Not quite the same but I long board frequently about a hour or two everyday.


----------



## juggernaut (Jul 11, 2010)

I use to when I was littler. Sometimes I long bored but not much more now.


----------



## DaveDragon (Jul 12, 2010)

I've always wanted to but I've had bad knees for years, dislocated them a few times. I can't afford to be out of work. Maybe some day I'll get the [email protected] to do it.


----------



## Pikey (Jul 12, 2010)

lol i used to skate & bike, but after 3 knee surgery & 4 yrs off and on PT to get it back to normal. One day i hope to atleast ride my bike again. I remember the last time i rode a board i "landed" a triple kick flip, my left foot didn't make it all the way on the board & i broke my ankle....
Bootleg boards where my favorite & i still have my bike (it's old Haro Shredder Frame, Primo Mustache Bars, Primo Neck, Haro Front Forks, Fishbone 3-piece, Kink 36T Sprocket, Kink Pegs (left side only), Old S&M Seat, Free Agent Platform Pedals, & Haro Heffer Double Wall Rims)


----------



## the enigma (Jul 12, 2010)

I used to have a Haro... man, I loved that bike

I used to skate and then my board broke and my budget was consumed by reptiles so I haven't had the money to get back into it yet. I had a nice board it had thunder trucks and chris cole fallen wheels.

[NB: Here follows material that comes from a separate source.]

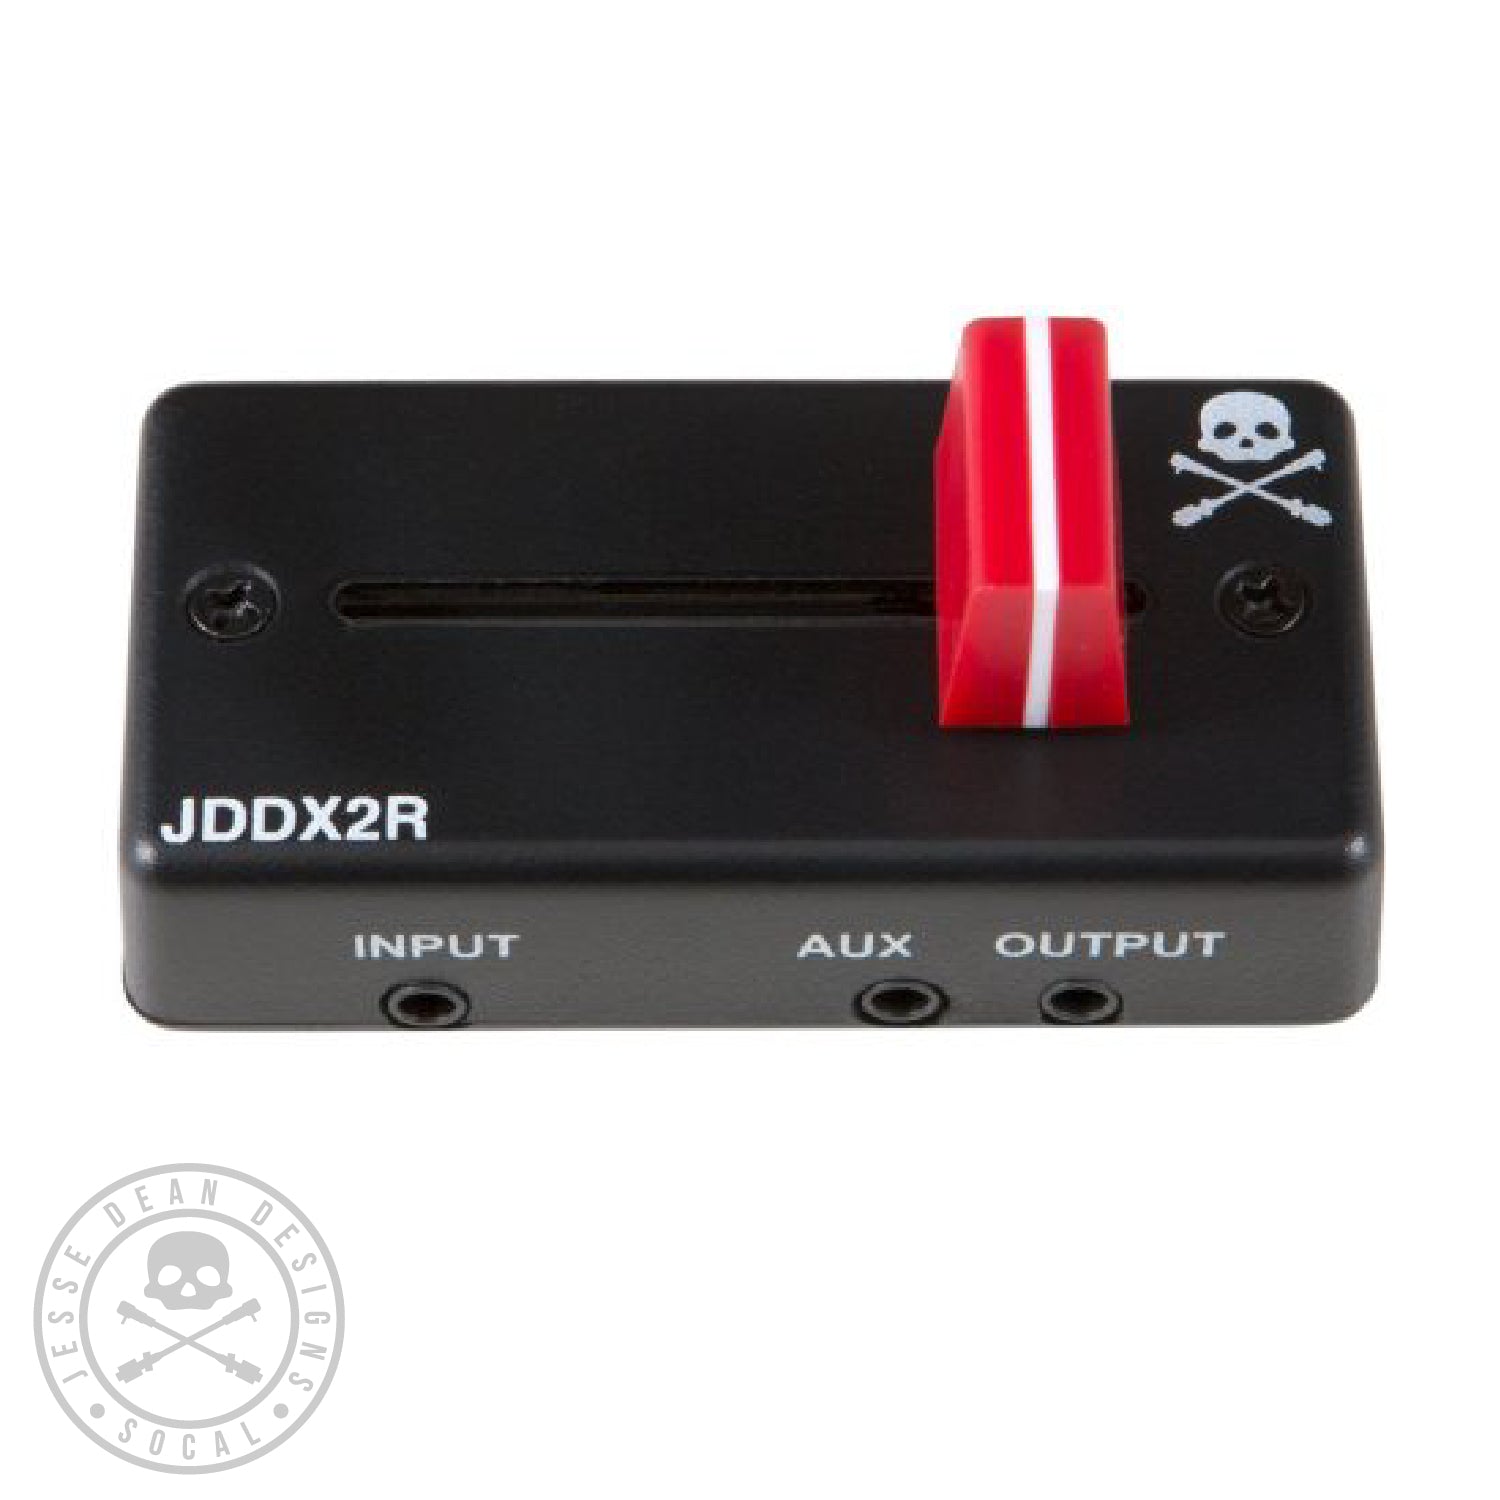 JDDX2R PORTABLE FADER – Jesse Dean Designs

Pikey: I had a gut feeling you either skated or biked. Glad to know I was right!


----------



## Pikey (Jul 12, 2010)

lol yup i did both My Bootleg had Destructo Trucks with Spit Fire wheels (they came free with the trucks, but they were tie-dyed)


----------



## Charmander (Jul 12, 2010)

I longboard, its alot of fun. unfortunately my friend broke one of my boards and I'm not sure where the other is so I havn't been able to lately. :/


----------



## the enigma (Jul 12, 2010)

Anyone into skate movies?


----------



## preston897 (Jul 13, 2010)

i have tried skating. it just never really worked out for me. a few of my good friends skate and i am around it all the time. i know quite a bit about it. and i like skate videos. as long as it is a good team.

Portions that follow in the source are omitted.